You are viewing a plain text version of this content. The canonical link for it is here.

Posted to solr-user@lucene.apache.org by Manuel Le Normand <ma...@gmail.com> on 2014/07/02 16:19:25 UTC

OCR - Saving multi-term position

Hello,
Many of our indexed documents are scanned and OCR'ed documents.
Unfortunately we were not able to improve much the OCR quality (less than
80% word accuracy) for various reasons, a fact which badly hurts the
retrieval quality.

As we use an open-source OCR, we think of changing every scanned term
output to it's main possible variations to get a higher level of confidence.

Is there any analyser that supports this kind of need or should I make up a
syntax and analyser of my own, i.e the payload syntax?

The quick brown fox --> The|1 Tlne|1 quick|2 quiok|2 browm|3 brown|3 fox|4

Thanks,
Manuel

Re: OCR - Saving multi-term position

Posted by Koji Sekiguchi <ko...@r.email.ne.jp>.

Hi Manuel,

I think OCR error correction is one of well-known NLP tasks.
I'd thought it could be implemented in the past by using Lucene.

This is a brief idea:

1. You have got a Lucene index. This existing index is made from
correct (i.e. error free) documents that are same domain of OCR documents.

2. Tokenize OCR text by ShingleTokenizer. By ShingleTokenizer, you'll get:

the quiok
tlne quick
the quick
:

3. Search those phrase in the existing index. I think exact search
(PhraseQuery) or FuzzyQuery can be worked. You should get the highest hit
count when searching "the quick" among those phrases.

Koji
-- 
http://soleami.com/blog/comparing-document-classification-functions-of-lucene-and-mahout.html

(2014/07/02 7:19), Manuel Le Normand wrote:
> Hello,
> Many of our indexed documents are scanned and OCR'ed documents.
> Unfortunately we were not able to improve much the OCR quality (less than
> 80% word accuracy) for various reasons, a fact which badly hurts the
> retrieval quality.
>
> As we use an open-source OCR, we think of changing every scanned term
> output to it's main possible variations to get a higher level of confidence.
>
> Is there any analyser that supports this kind of need or should I make up a
> syntax and analyser of my own, i.e the payload syntax?
>
> The quick brown fox --> The|1 Tlne|1 quick|2 quiok|2 browm|3 brown|3 fox|4
>
> Thanks,
> Manuel
>

Re: OCR - Saving multi-term position

Posted by Jack Krupansky <ja...@basetechnology.com>.

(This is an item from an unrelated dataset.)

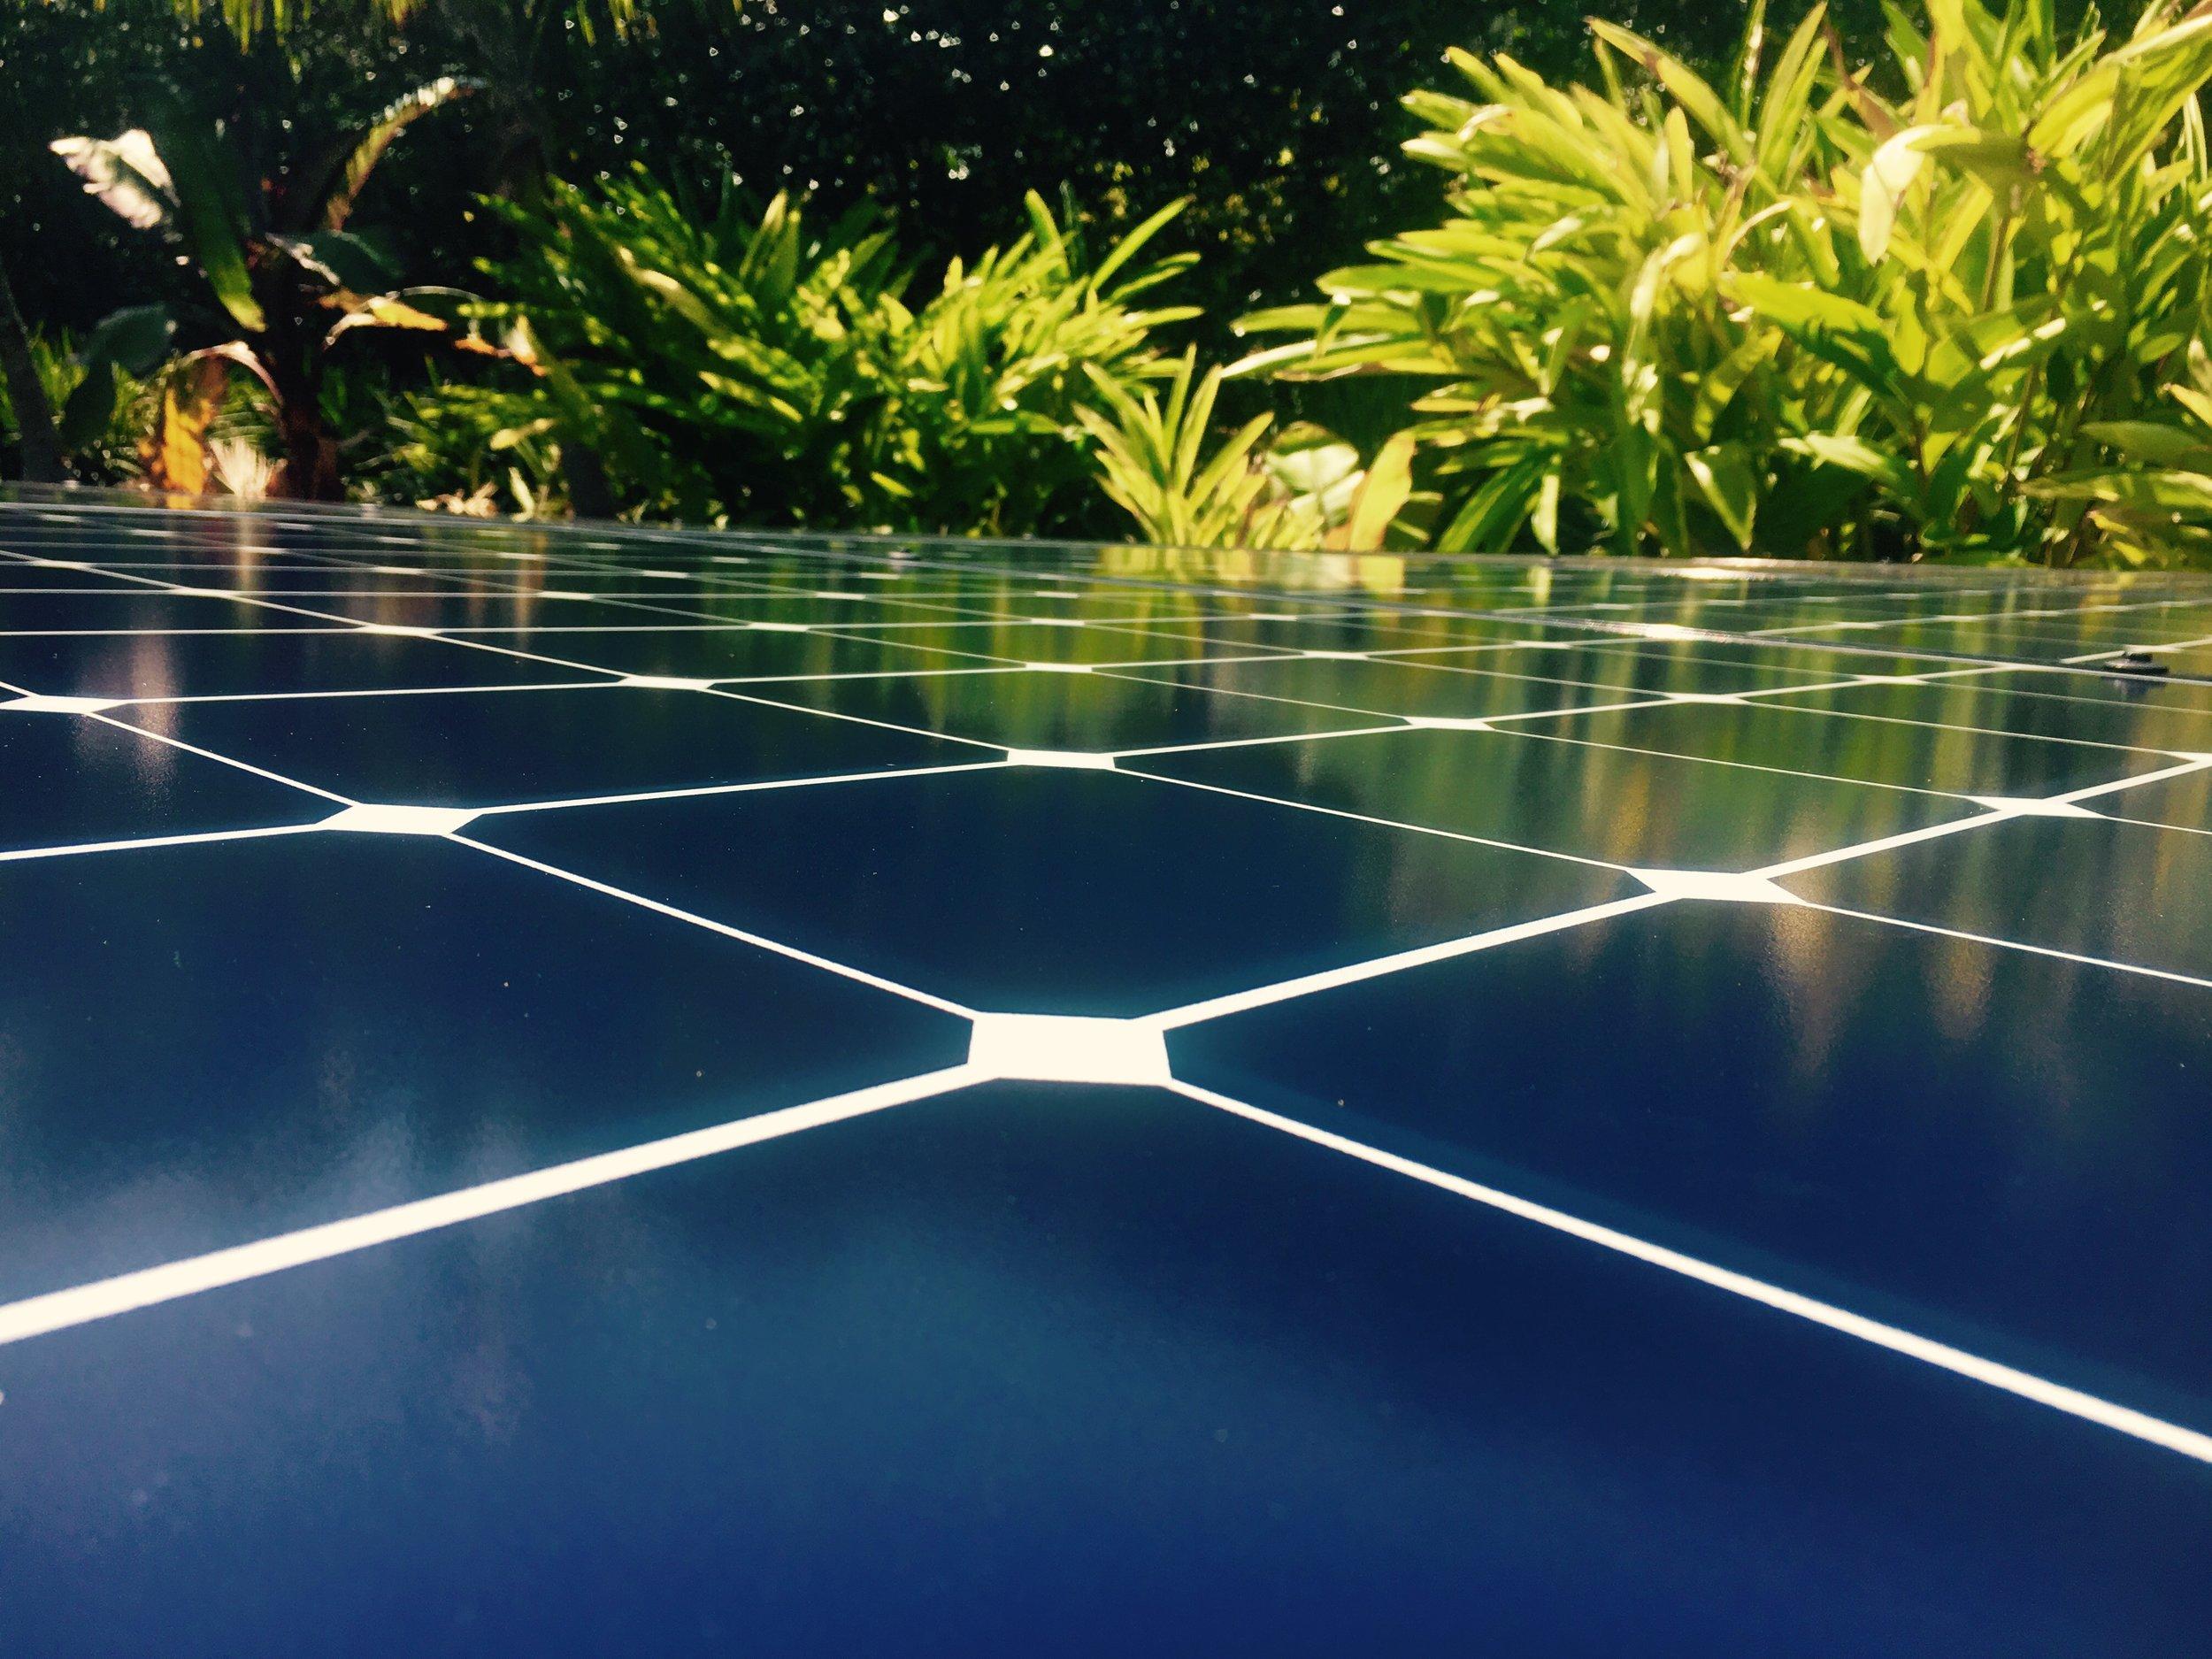 Brighten Solar Co. - Solar Energy Outreach and Education

Take a look at the synonym filter as well. I mean, basically that's exactly 
what you are doing - adding synonyms at each position.

-- Jack Krupansky

-----Original Message----- 
From: Manuel Le Normand
Sent: Wednesday, July 2, 2014 12:57 PM
To: solr-user@lucene.apache.org
Subject: Re: OCR - Saving multi-term position

Thanks for your answers Erick and Michael.

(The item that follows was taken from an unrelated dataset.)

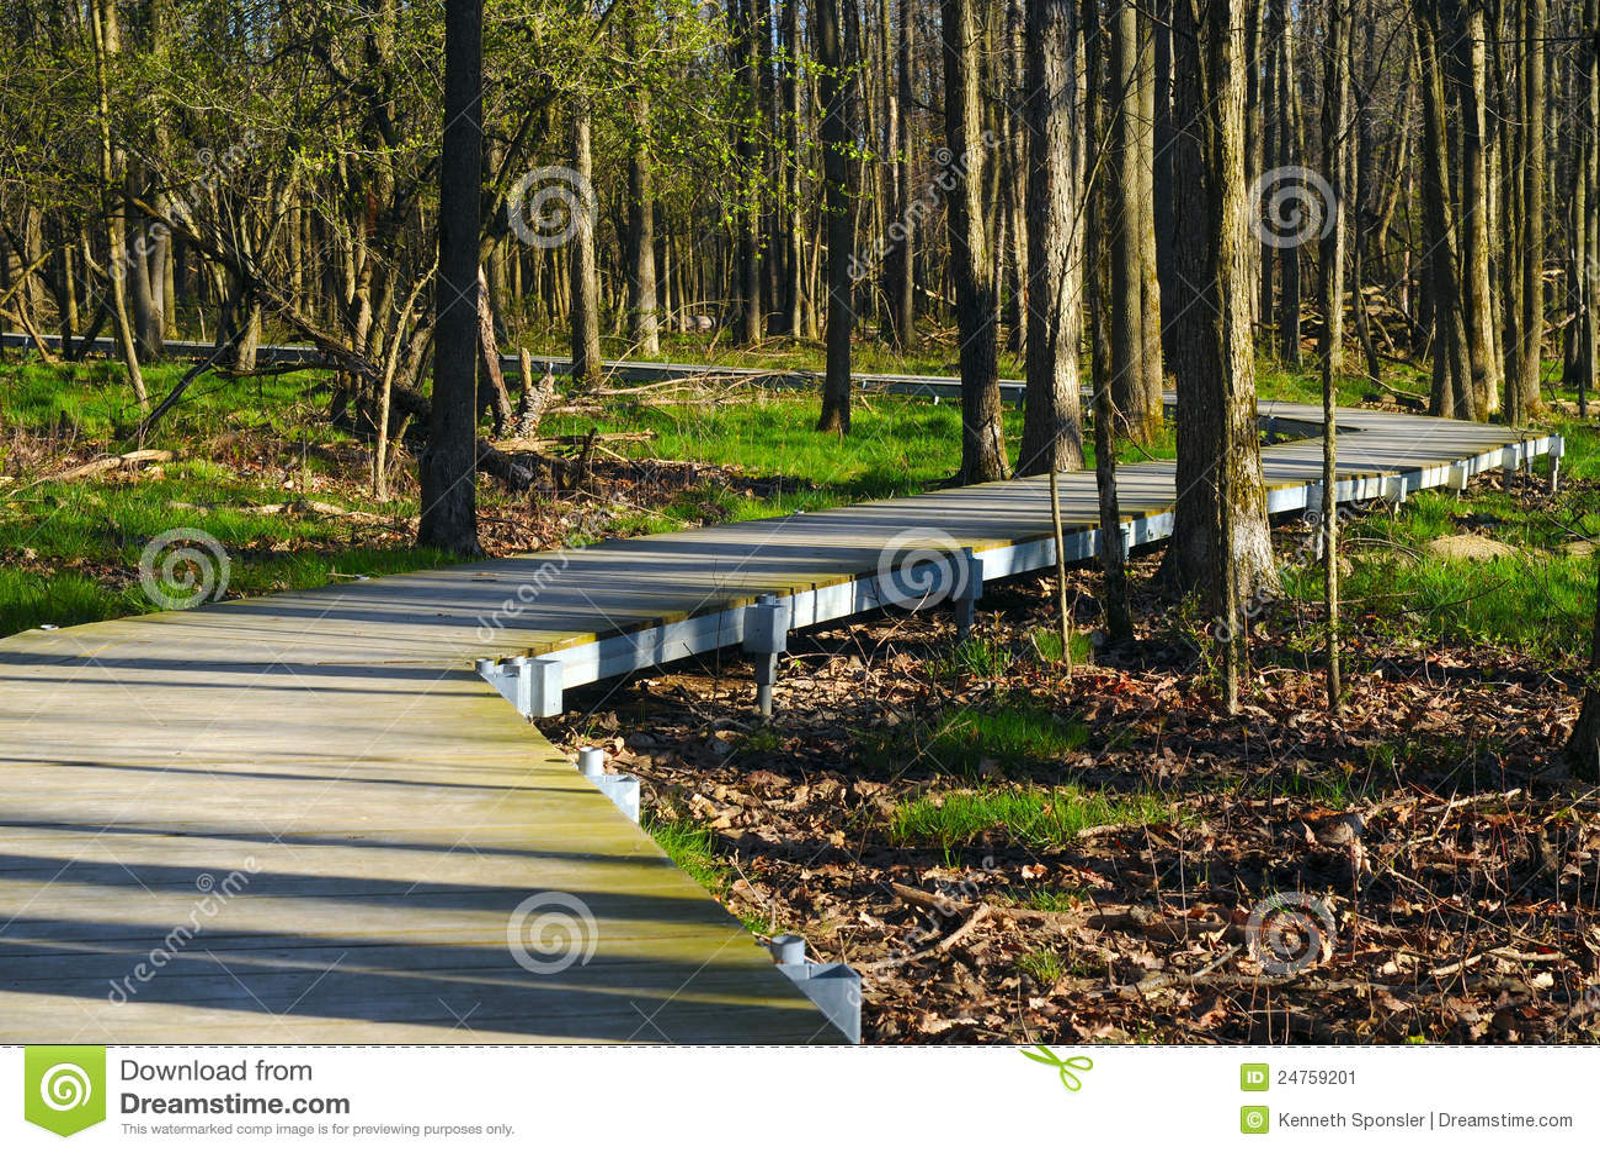 Woodlands boardwalk

The term confidence level is an OCR output metric which tells for every
word what are the odds it's the actual scanned term. I wish the OCR prog to
output all the "suspected words" that sum up to above ~90% of confidence it
is the actual term instead of outputting a single word as default behaviour.

I'm happy to hear this approach was used before, I will implement an
analyser that indexes these terms in same position to enable positional
queries.
Hope it works on well. In case it does I will open up a Jira ticket for it.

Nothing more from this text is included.